Speaking as a Mennonite, I'd answer you question about books by Amish on Amish philosophy and theology by saying such books really don't exist. Reading the early Amish and Anabaptists are important to understand the beginnings of the Amish (and other Anabaptists), but the Amish don't really write philosophy and theology. You need to rely on non-Amish sources, and sympathetic Mennonite scholars are probably your best bet. So, the previously mentioned The Amish Way: Patient Faith in a Perilous World, by Donald B. Kraybill, Steven M. Nolt, David L. Weaver-Zercher Jossey-Bass is a good recommendation.

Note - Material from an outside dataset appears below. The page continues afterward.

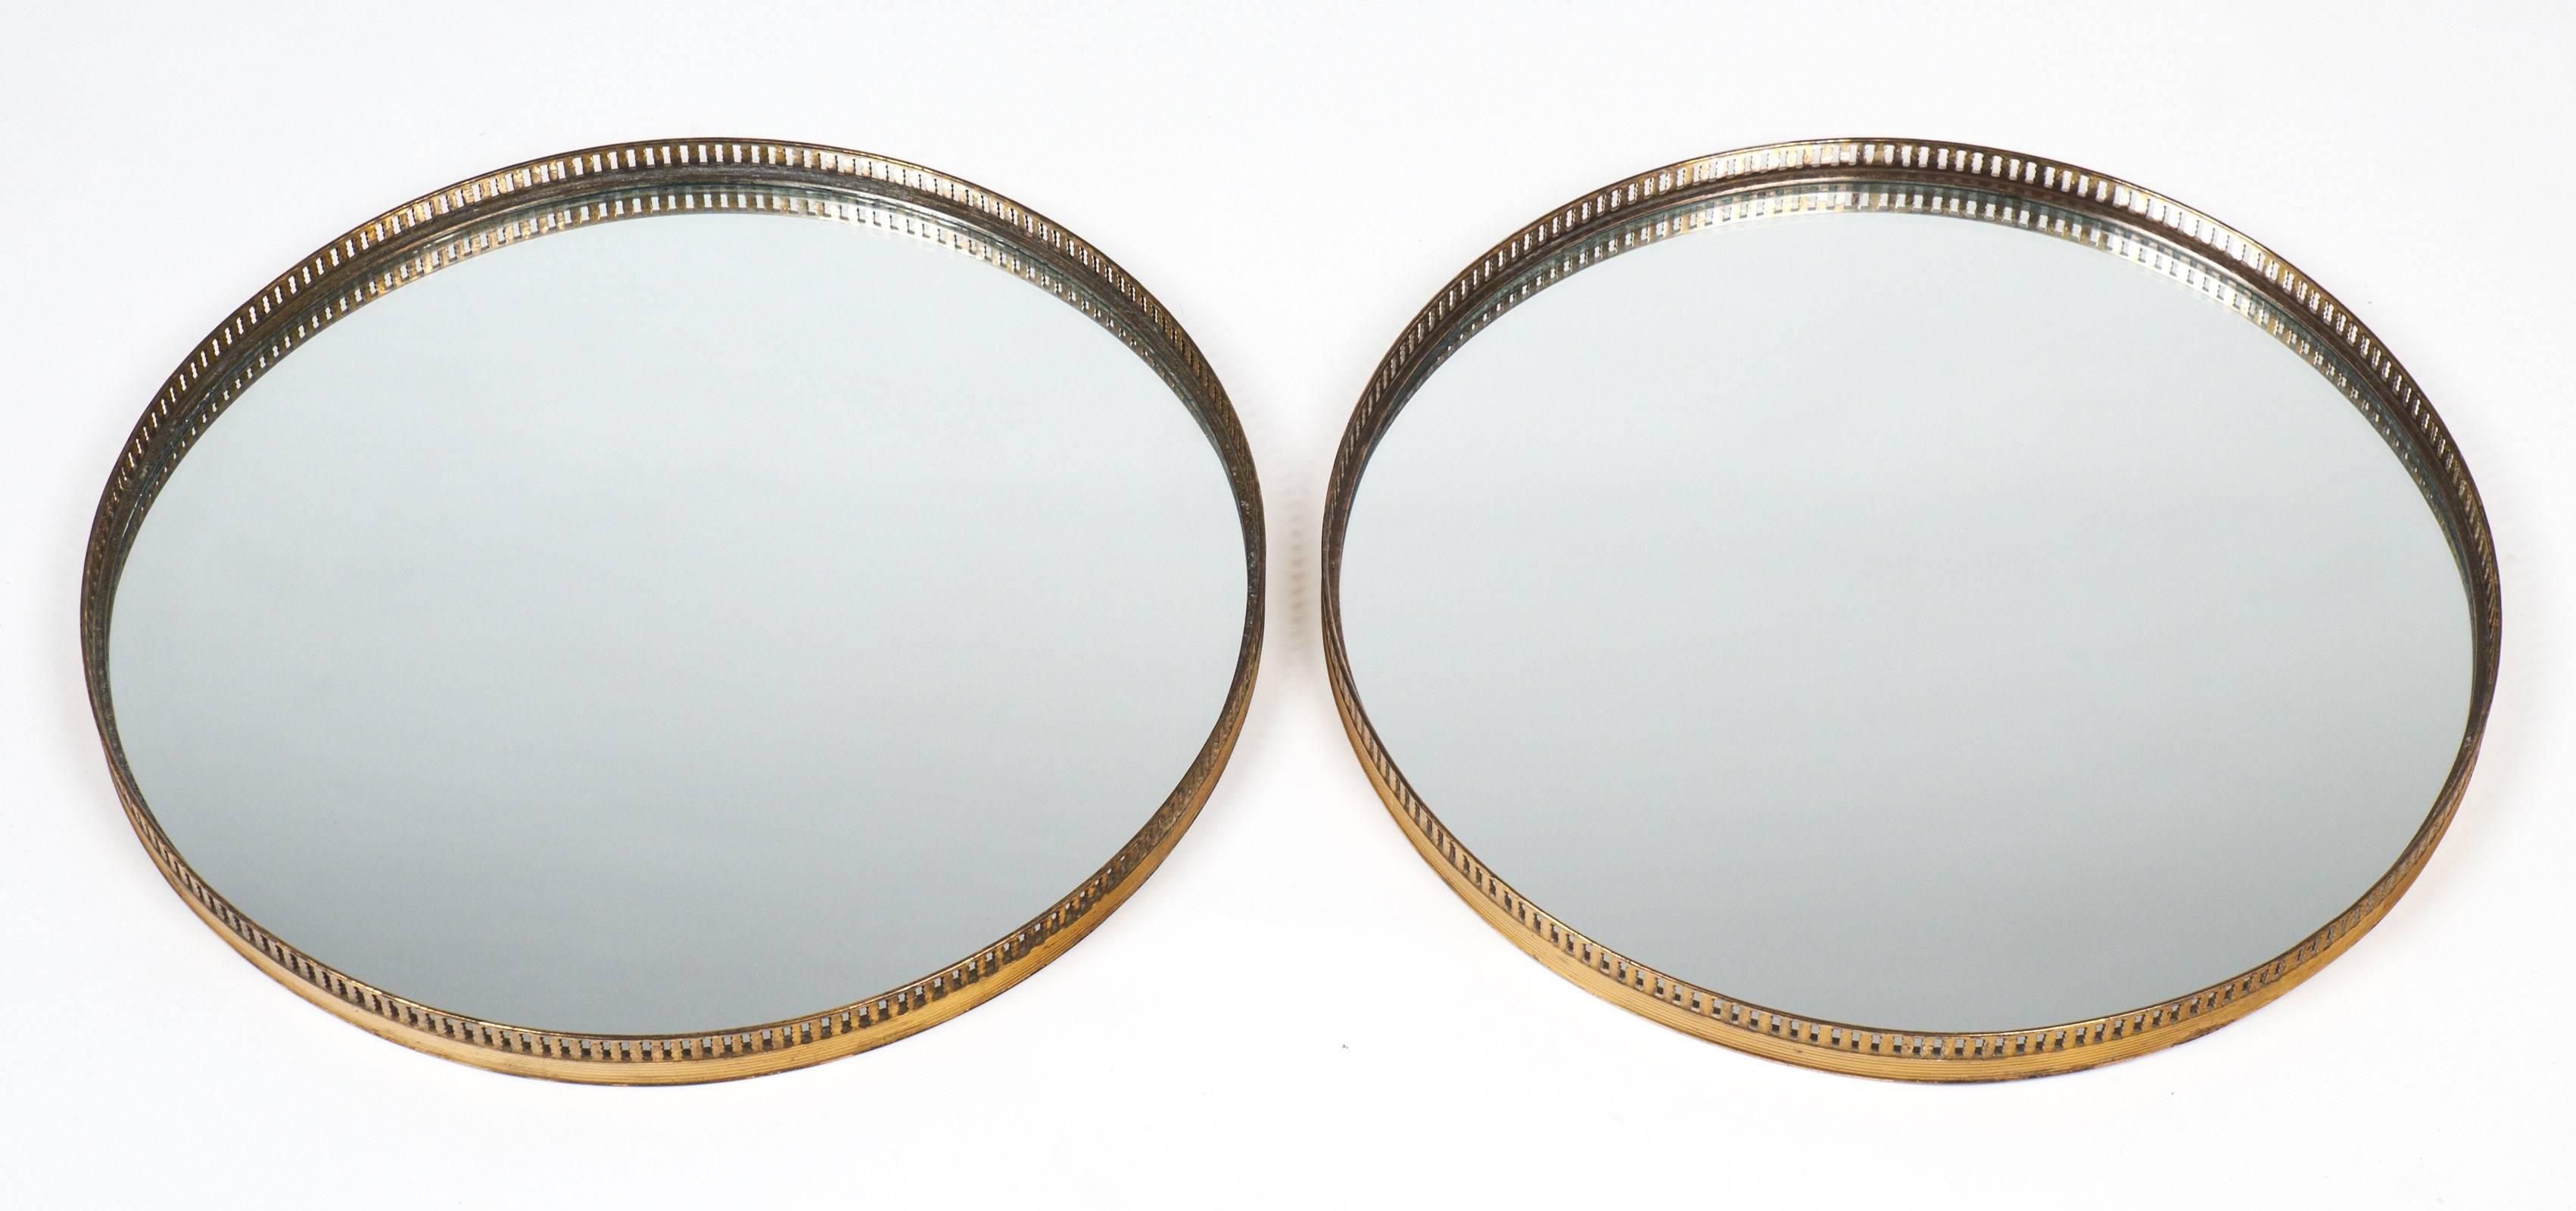 The Best Antique Round Mirrors

You might enjoy perusing GAMEO, the Global Anabaptist Mennonite Encyclopedia Online, which has a lot of encyclopedia-style articles on Anabaptism. The article on the Amish Division talks about origins, and the article on Old Order Amish is a general article.

As implied above, there's plenty of dirty laundry that can be aired about the Amish, about the Mennonites, and. well, every long-running human group. But I think you're looking for sympathetic sources, and that's what I'm providing.